Listed former church in York, England

St John's Church is a Grade II* listed former parish church in the Church of England on Micklegate in the city of York.

==History==
The church dates from the 12th century, the oldest part being the base of the tower. The chancel is 14th century. The north aisle and arcade were rebuilt, and the west end extended in the 15th century. The tower collapsed in 1551 and part of the north aisle was rebuilt.

The church was restored in 1850 by George Fowler Jones, when the south porch was added, and the east end rebuilt. The windows were reglazed, a new floor laid and new pews were added. In 1866 J. B. and W. Atkinson of York re-roofed the nave. In 1960, its east wall was rebuilt to allow Micklegate to be widened, and a new porch was added.
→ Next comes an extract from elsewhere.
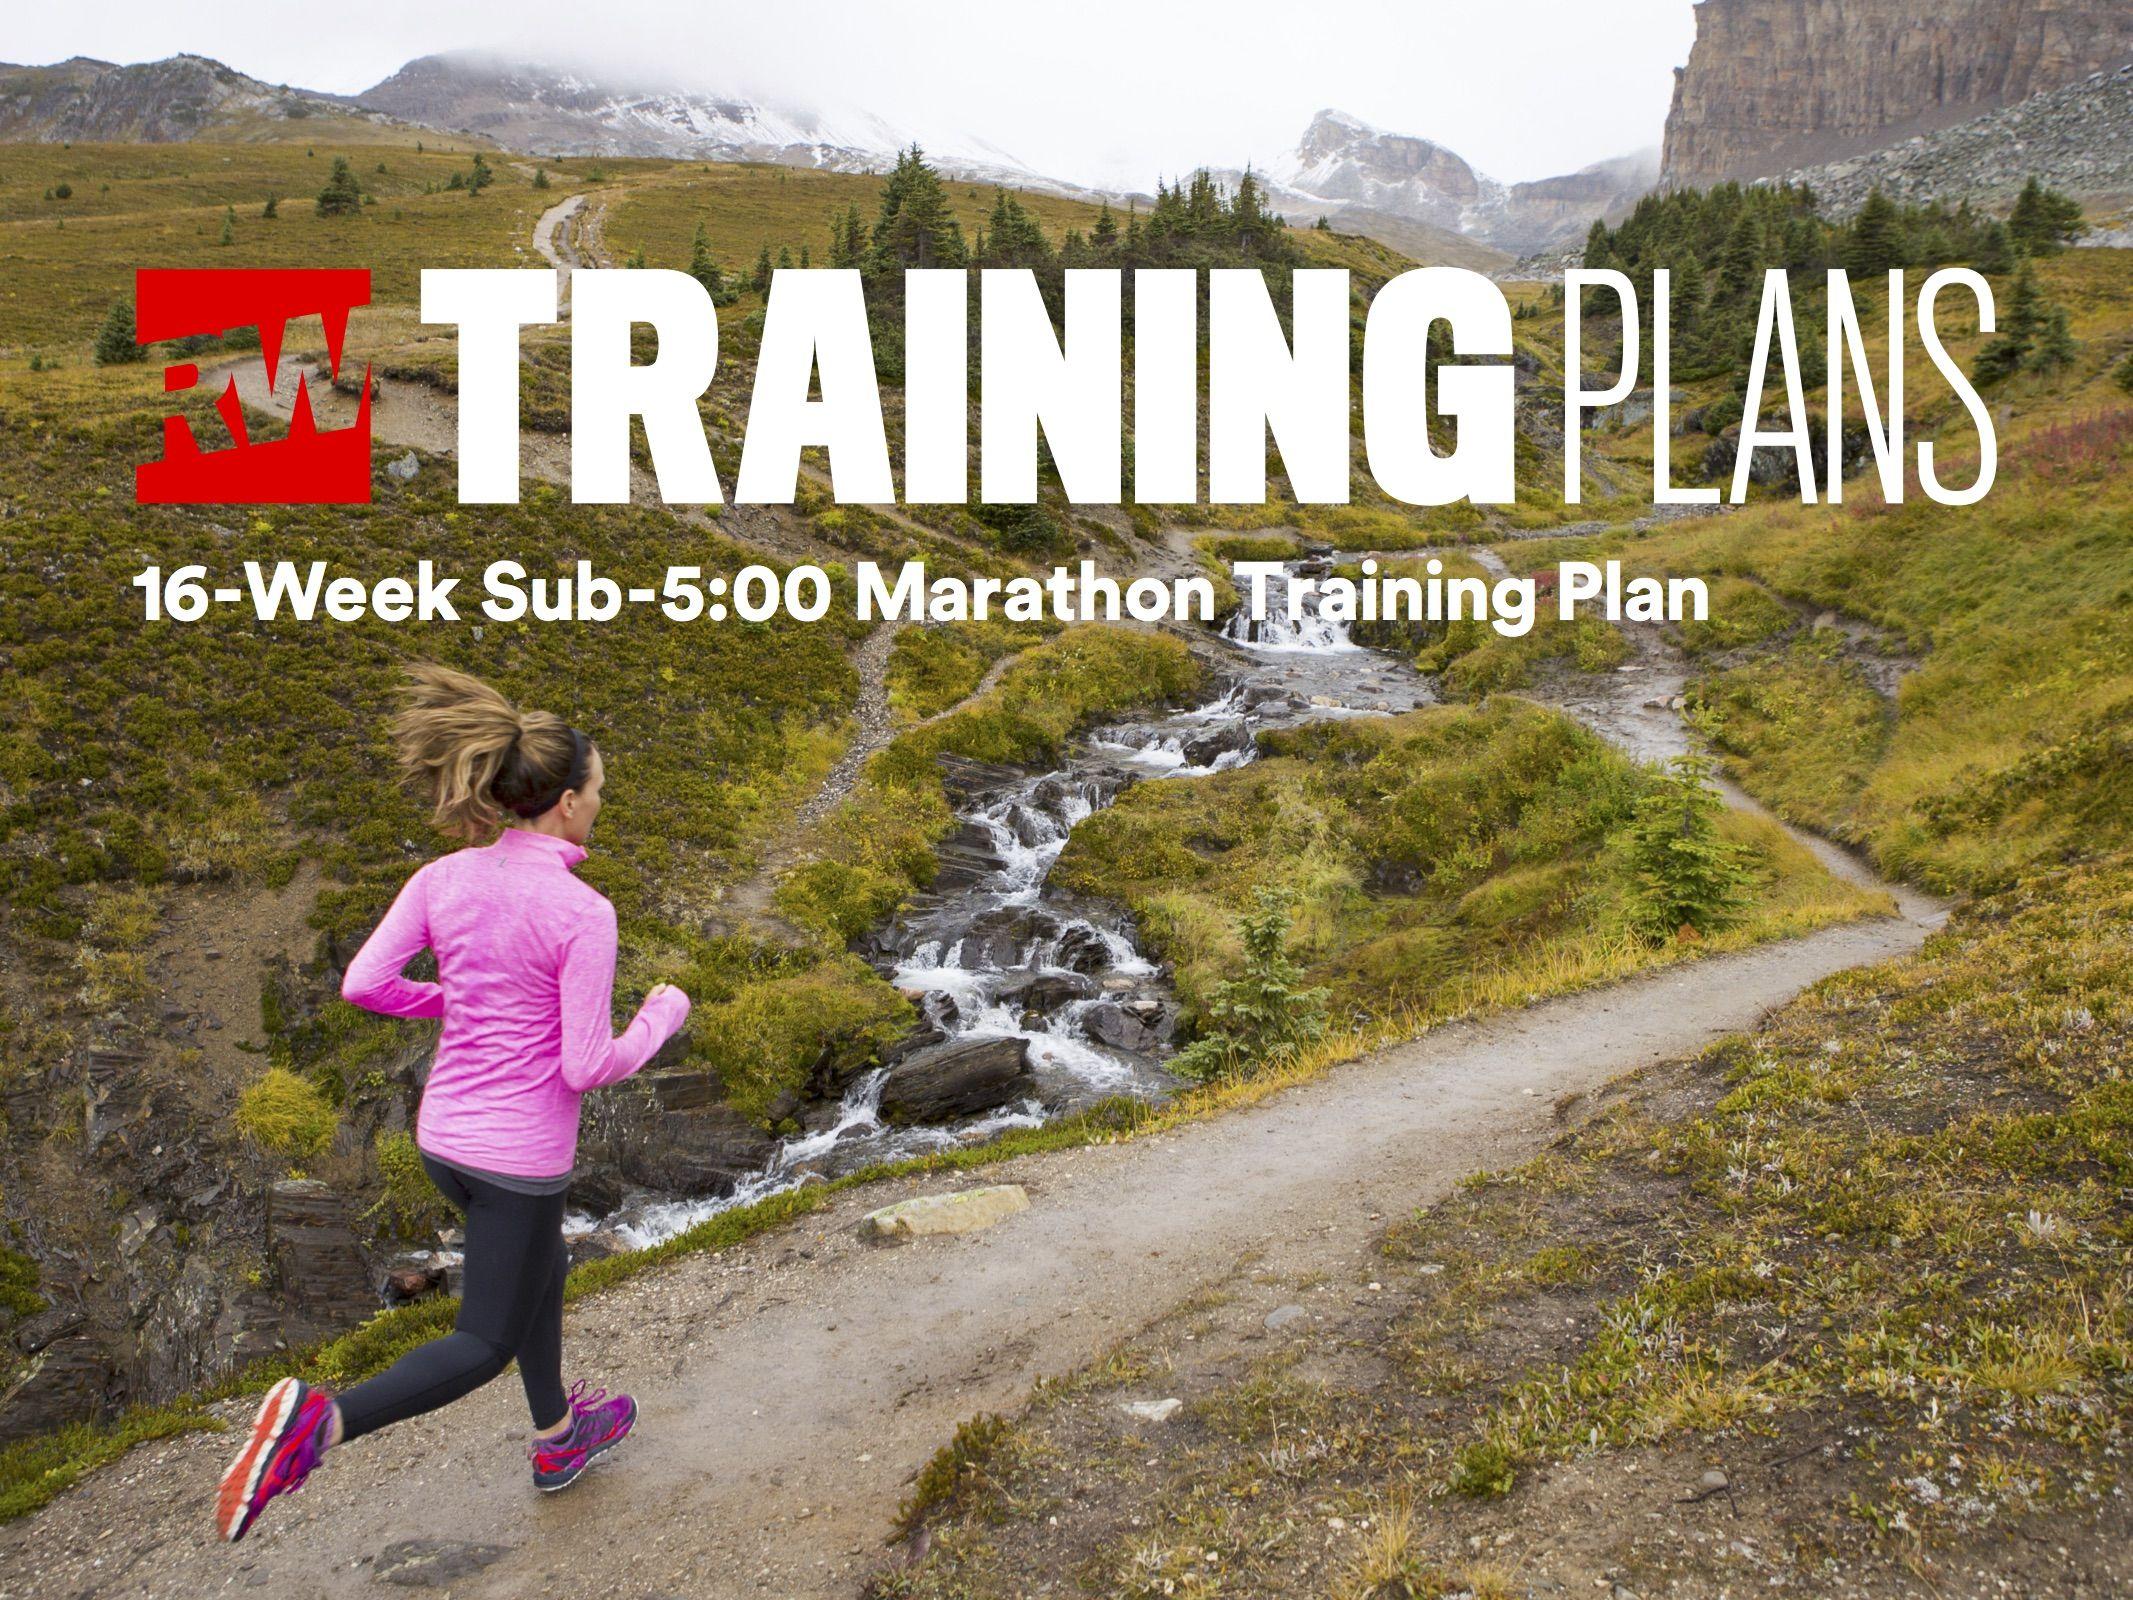 RW's Ultimate 16-week marathon training plan for runners looking to run sub-5.00

In 1934 the church was closed, and the Institute of Advanced Archaeological Studies used the building to store its collection. It later became York Arts Centre, and more recently has been used as a bar.

==Memorials==
- Nathaniel Wilson (d. 1726)
- Elizabeth Wilson (d. 1736)
- Sir Richard Yorke (d. 1498)
- John Scott (d. 1775)
- Christopher Benson (d. 1801)
- Anne Haynes (d. 1747)
- Elizabeth Potter (d. 1766)
- Luke Thompson (d. 1743)
- Grace Potter (d. 1776)
- Thomas Bennett (d. 1773)
- Elizabeth Bennett (d. 1825)

==Organ==
The pipe organ dated from 1866 and was by Postill. A specification of the organ can be found on the National Pipe Organ Register.

==See also==

- Grade II* listed buildings in the City of York
- Listed buildings in York (within the city walls, southern part)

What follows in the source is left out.